What is required:
Write the full listing out again, word for word, but omit the pictures.

Data extract:
+++++
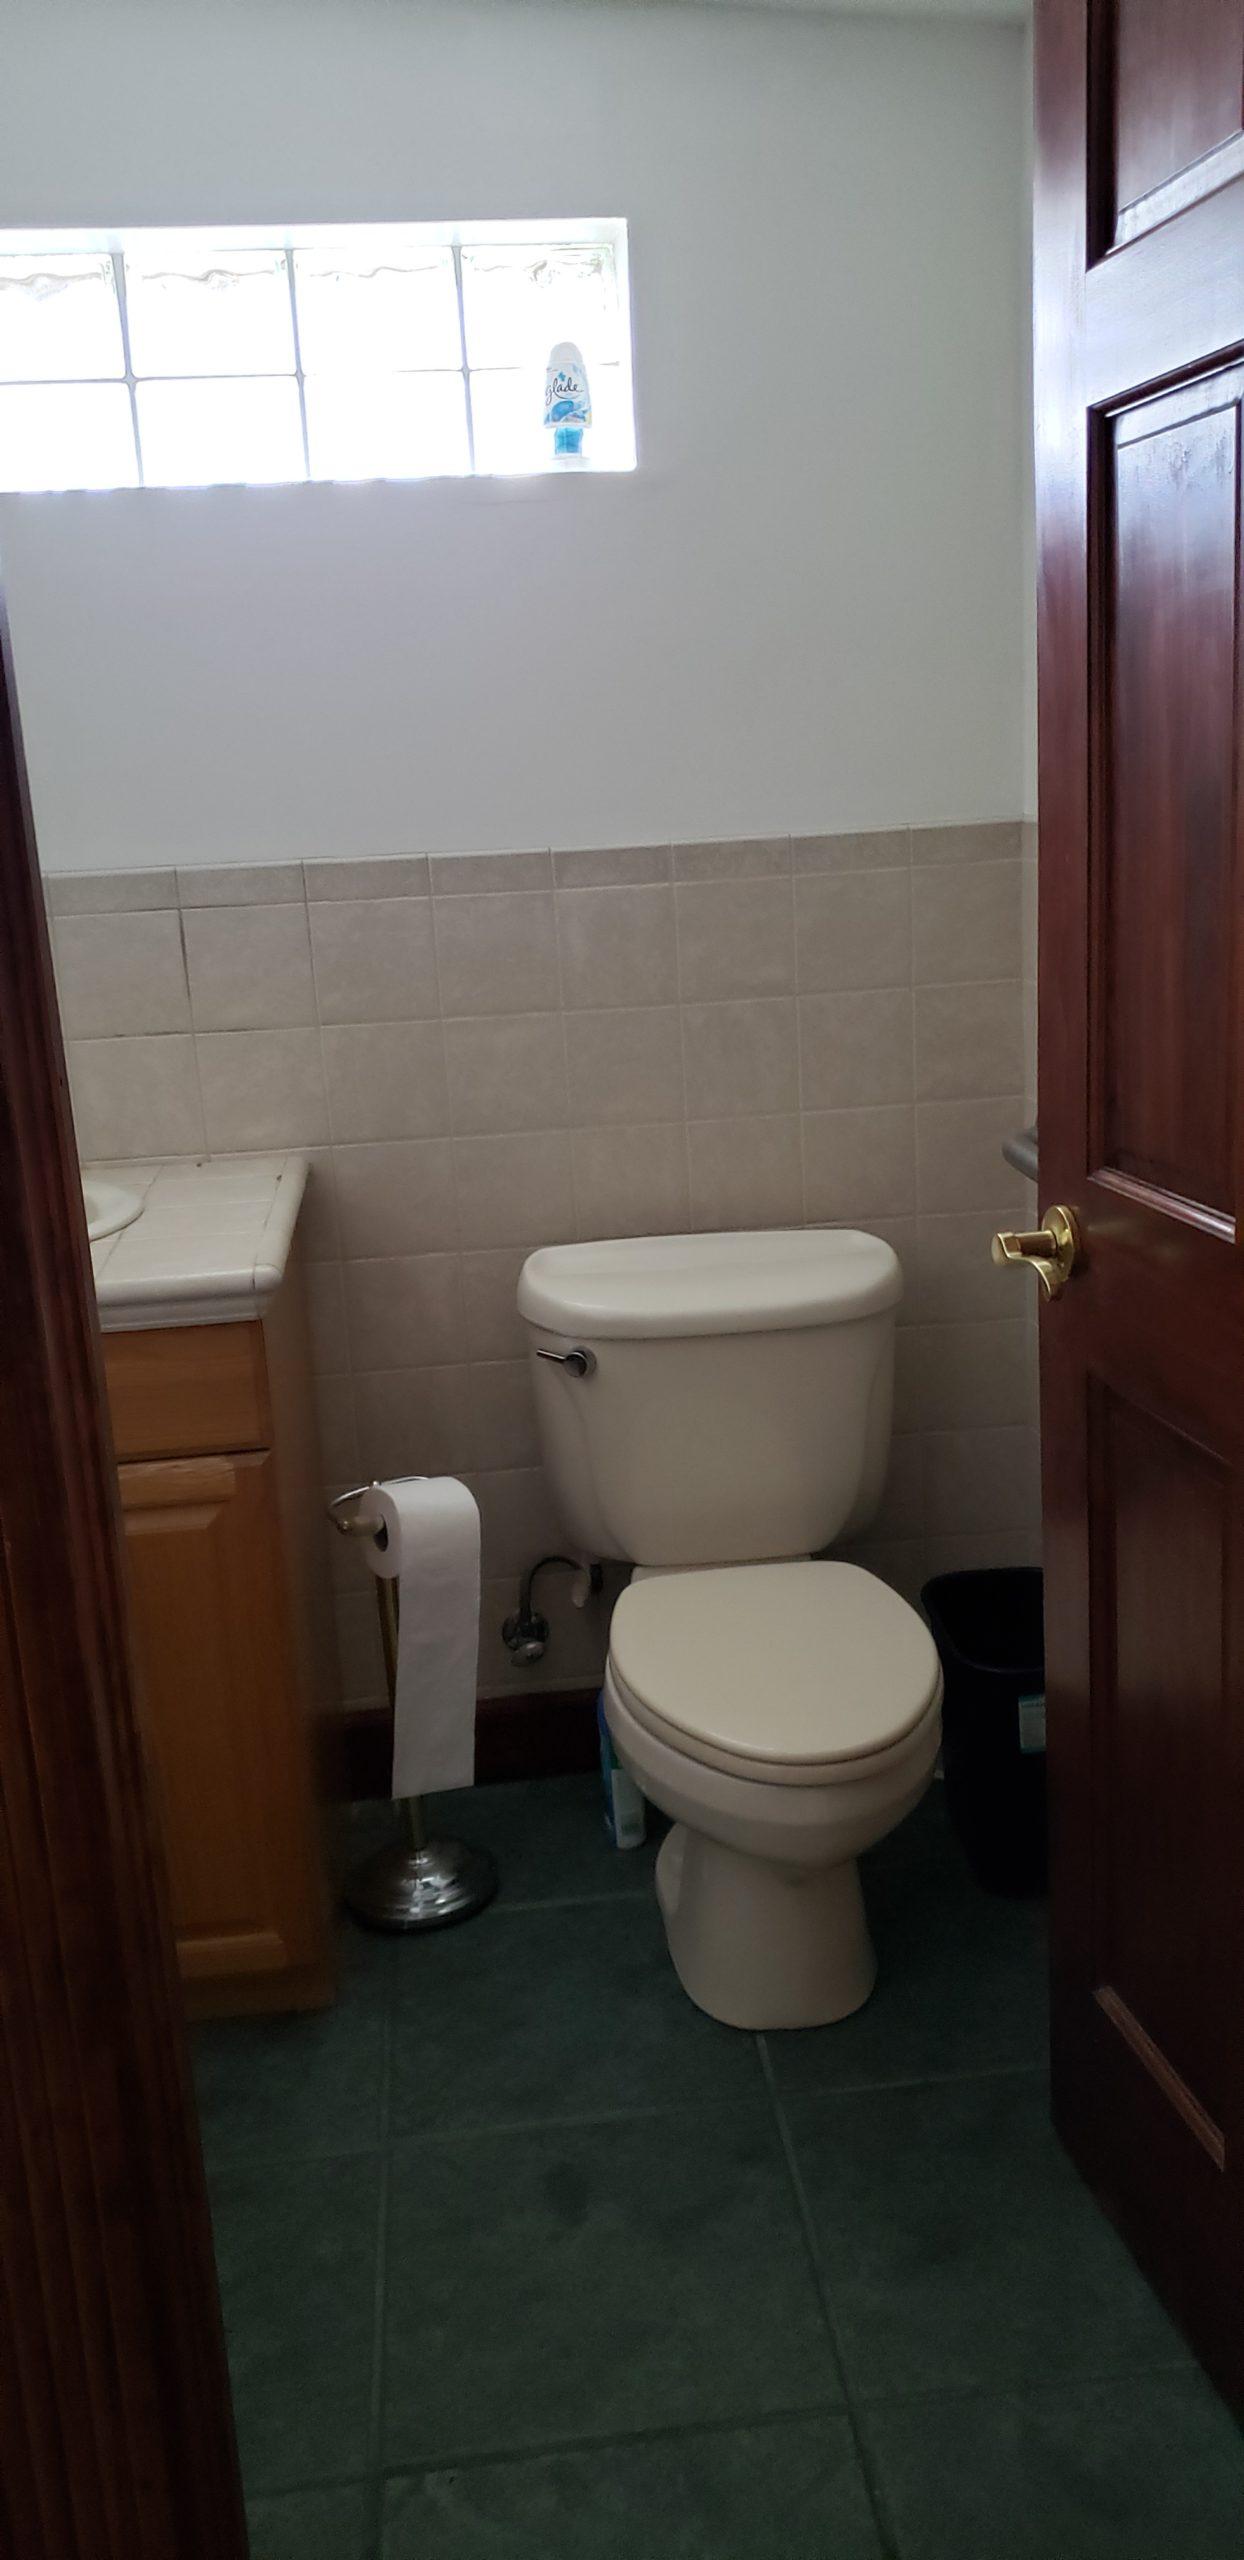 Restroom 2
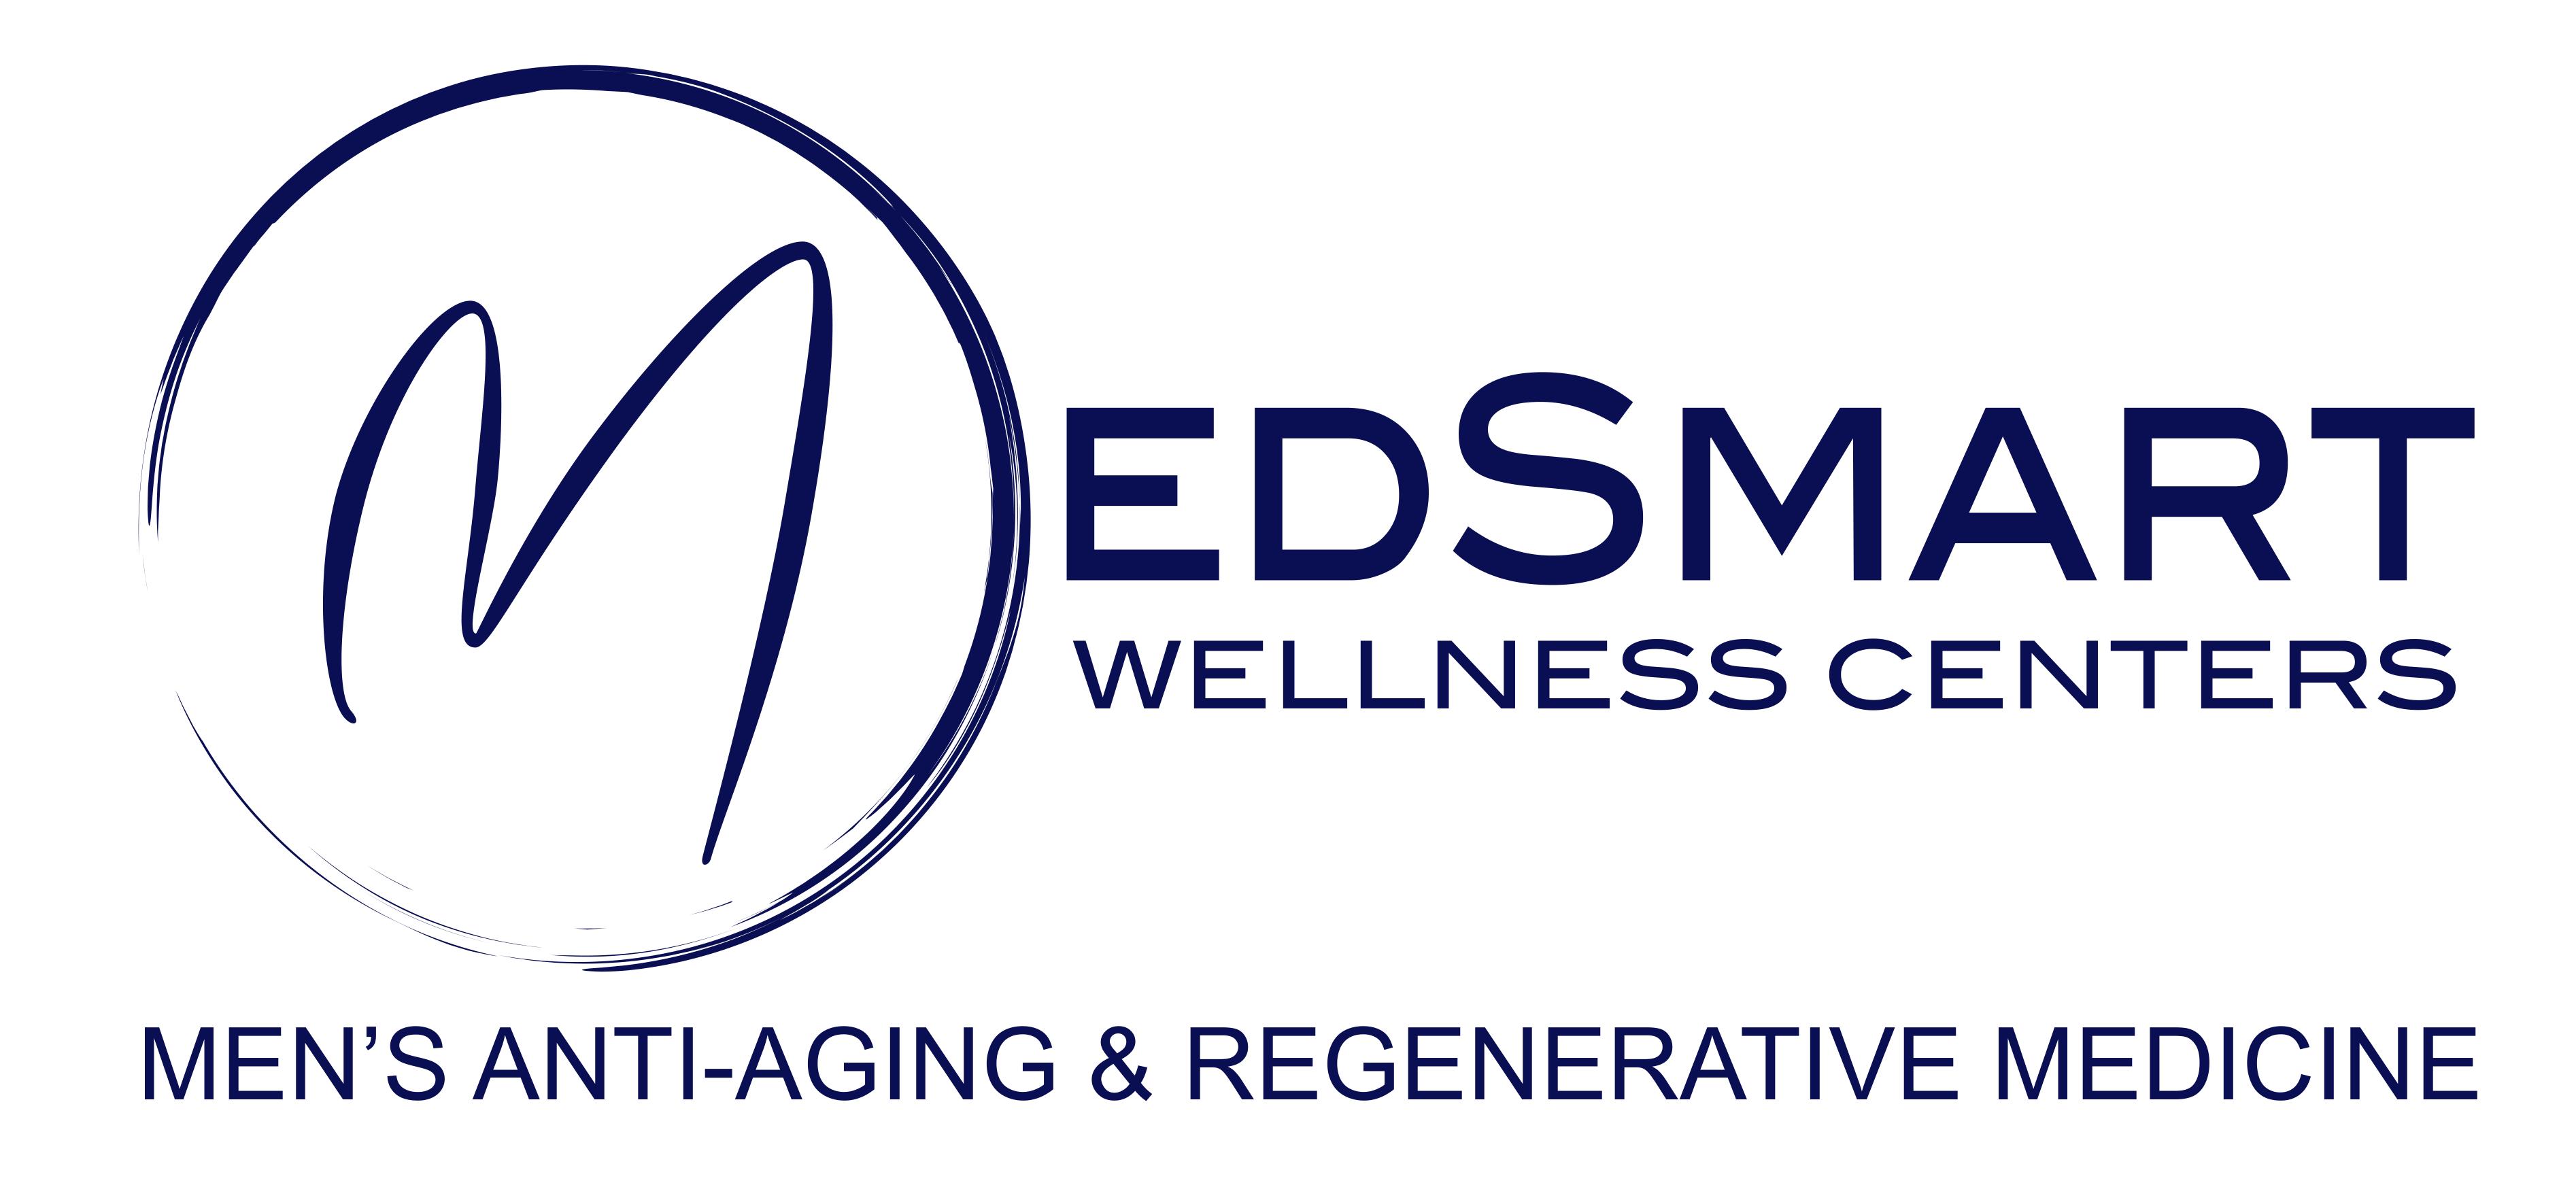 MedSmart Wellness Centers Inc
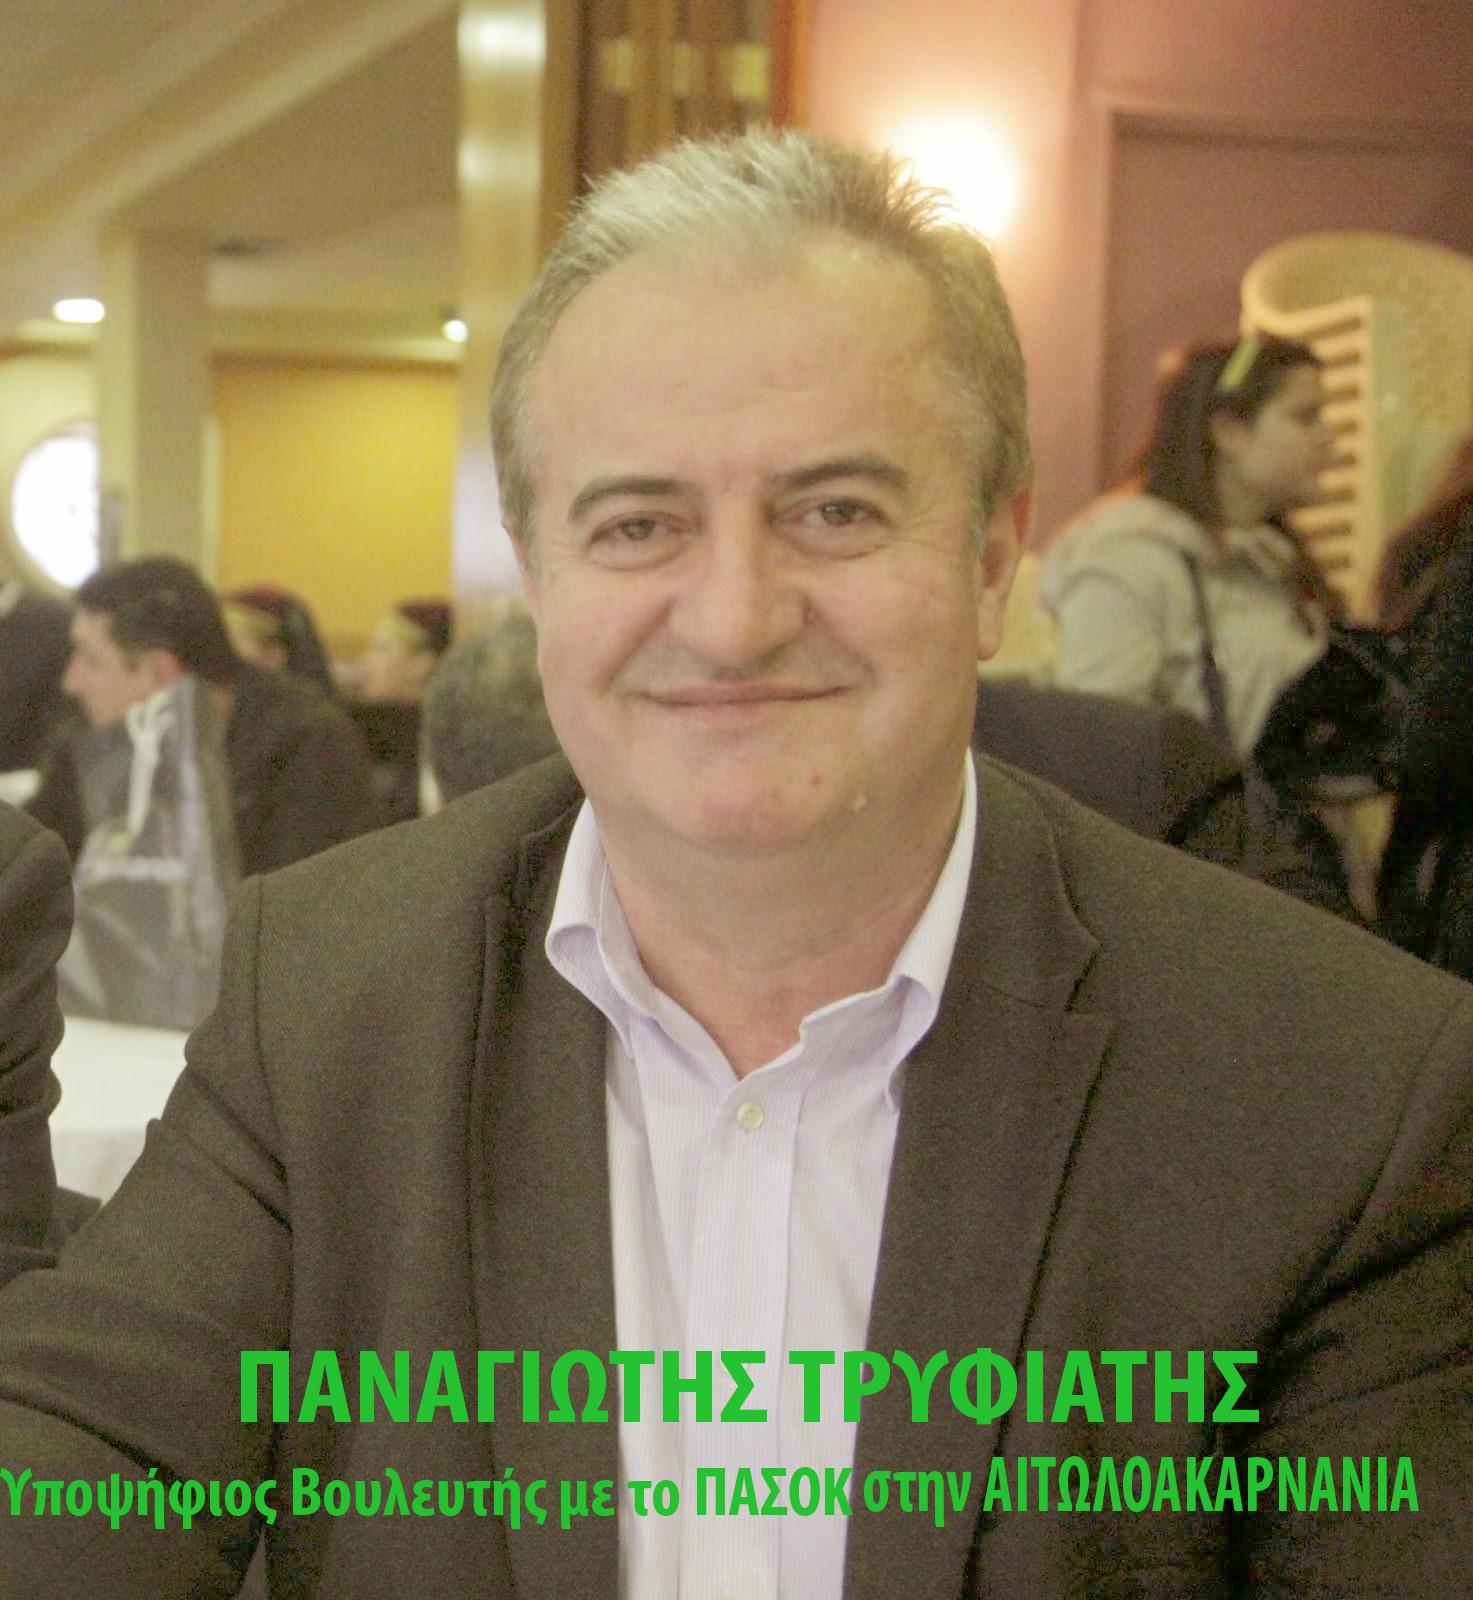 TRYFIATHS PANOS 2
+++++
Result of this task:
 Restroom 2
 MedSmart Wellness Centers Inc
 TRYFIATHS PANOS 2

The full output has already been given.